Knowing for sure that my writing sucks.

Let me explain.  I write to entertain myself, but I do harbor dreams of having others enjoy what I've written.  If the concensus view ever seems that my work has no entertaining value, I'll stop.  There would be no real hope left for me in writing.


----------



## FatCat (Oct 25, 2012)

I'm with you Sparkie. The idea that all the great ideas in my head may not be appreciated in the general public scares me. Although, despite this, I say **** 'em. I write because I want to. I saw your submission in the LS entry thread, it is great. Who cares what people think of your chosen hobby. Everyone is a critic, but few people really realize what it is they critique. The world, in my mind, is full of a lot of people trying for success. Why should any of us dream less because what we choose to write isn't considered 'relevant' or 'socially impactful'. I say fantasy is one of the greatest things in life. We have the ability to release the reader into a world that they have never known. What is better than that?


----------



## Sparkie (Oct 25, 2012)

FatCat said:


> I say fantasy is one of the greatest things in life. We have the ability to release the reader into a world that they have never known. What is better than that?



Um, pizza maybe?  Nah.

Seriously though, knowing that you like my story helps me.  Thank you.  Look forward to seeing your entry.

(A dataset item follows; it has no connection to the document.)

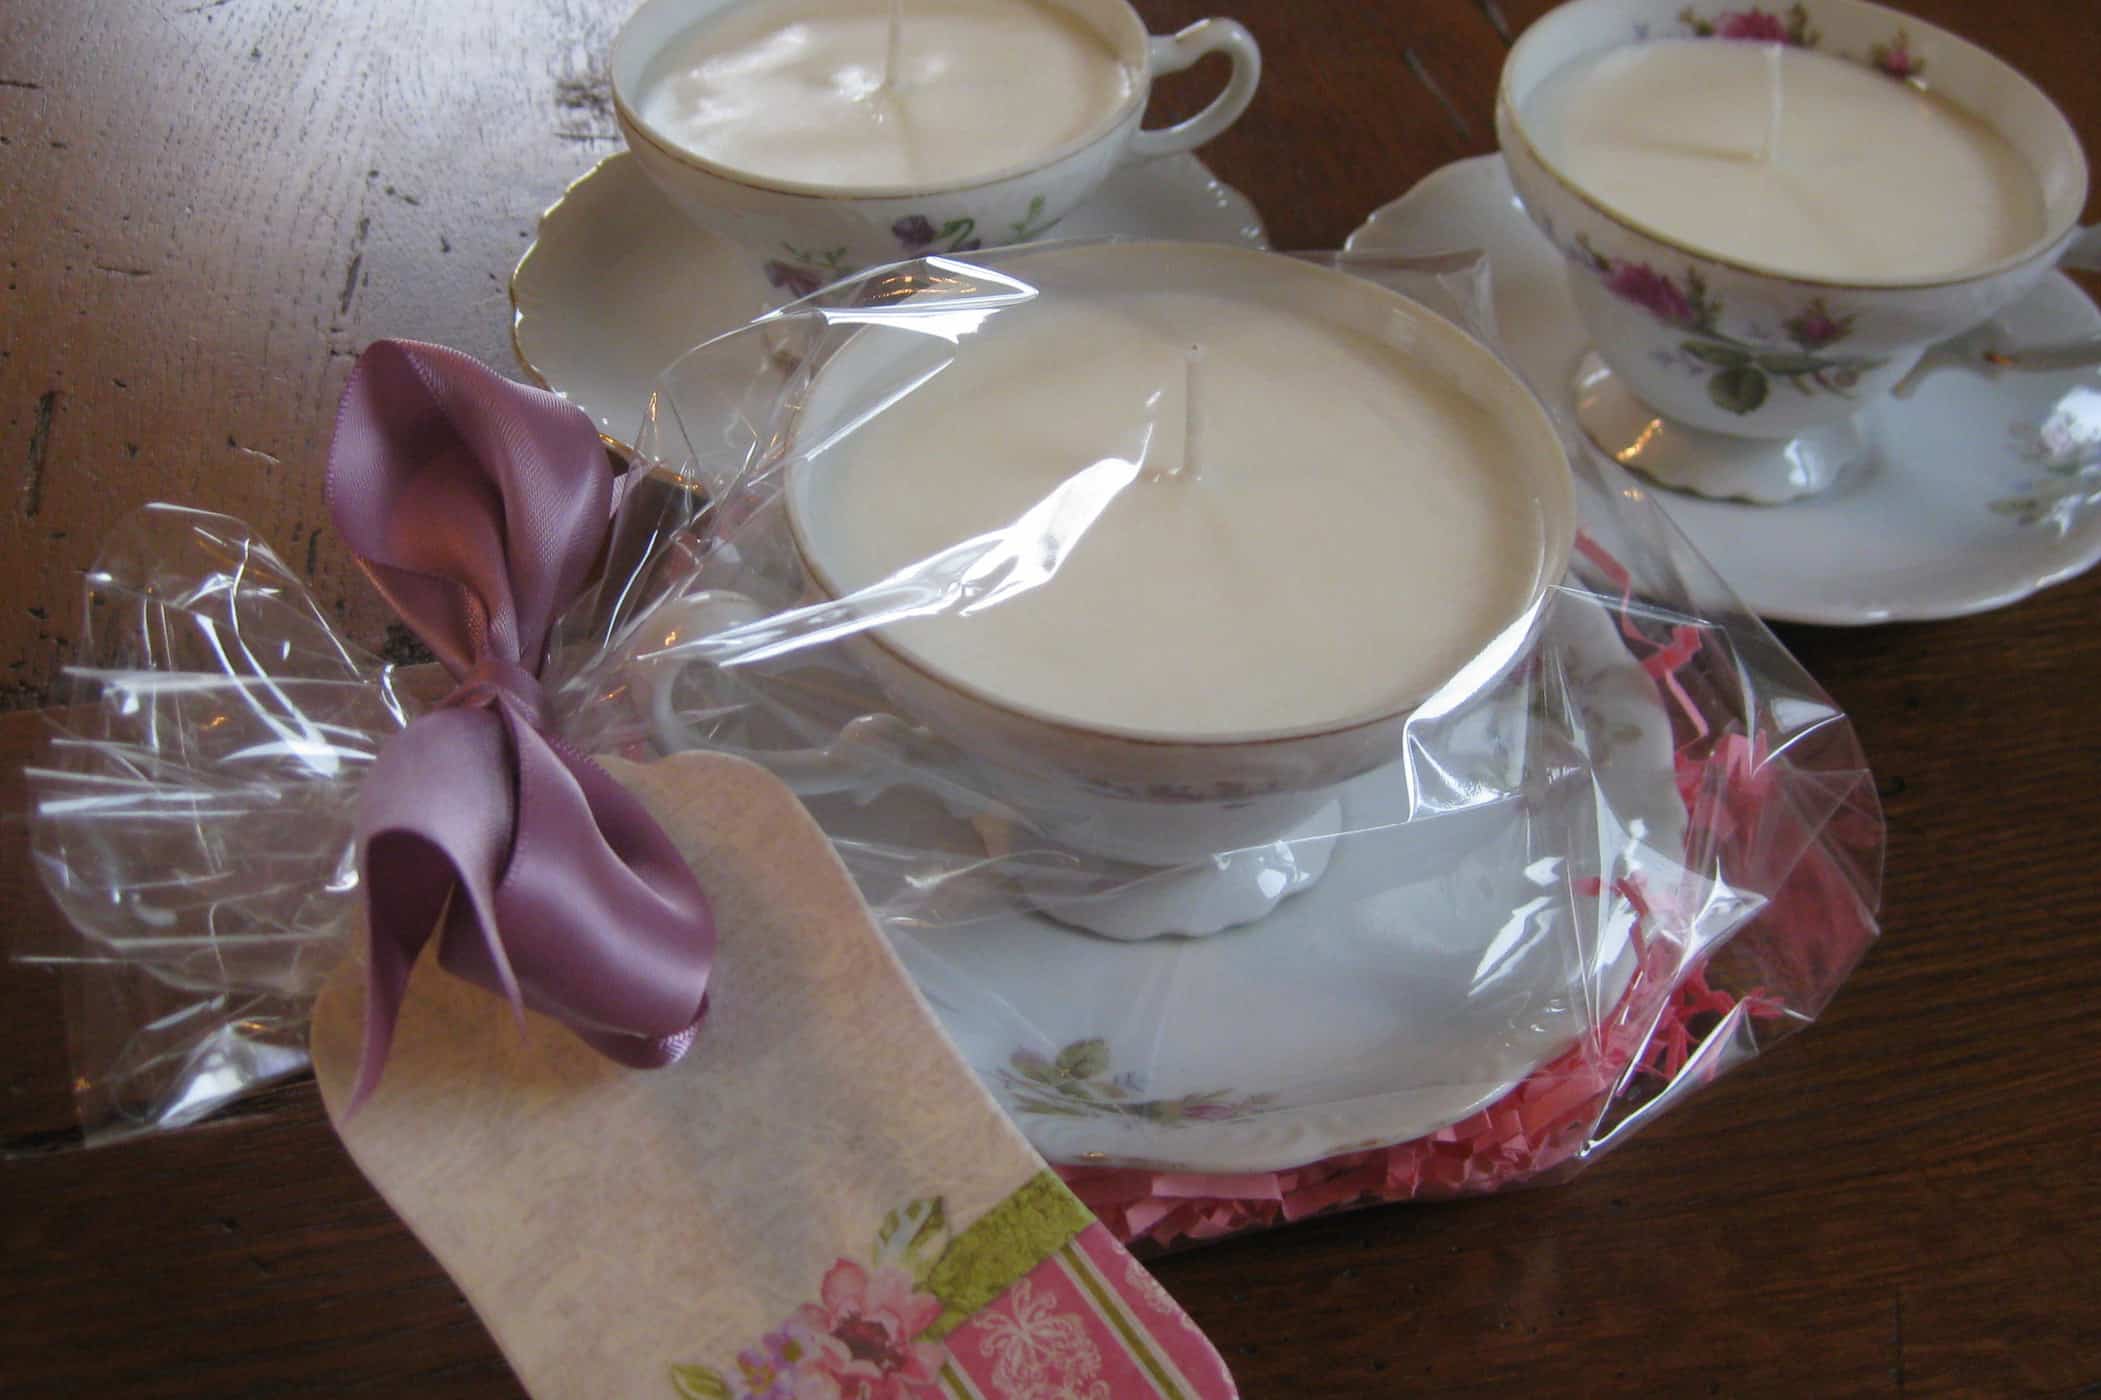 Party Favor Gift for Girlfriend Handmade Soy Candle in Vintage Teacup

WARNING!  SHAMELESS CHALLENGE PROMOTION!

Check out FatCat's upcoming story in Legendary Sidekick's Ultimate Sidekick Trigger Challenge.


----------



## FatCat (Oct 25, 2012)

No! Don't do that! My story is terrible, although I've worked in Pizza my entire career life haha. I do like your story, for real. I don't lie, not on internet forums anyway. I just don't want to see a guy who has a great imagination be bullied into thinking that imagination is foolish. This is ****ing fantasy goddamnit, lets do this!


----------



## Weaver (Oct 25, 2012)

I _did_ stop writing for almost a decade.

Without going into details, I'll just say that some very bad things happened to me, my self-image was at an all-time low, and I stopped writing partly because I didn't want to tarnish the stories and characters I'd created by having them associated with me - or rather, with the person that most people around me insisted I was.  I couldn't even _think_ about writing (or anything else that could be called 'storytelling' in whatever form) for a while.  Once I was able to at least think about stories again, I slowly worked my way out of my problems by thinking about someone else's (I think Alex Walotsky, fictional person though he is, may have saved _my_ life, too) and dealing with things in fiction that I couldn't change in real life.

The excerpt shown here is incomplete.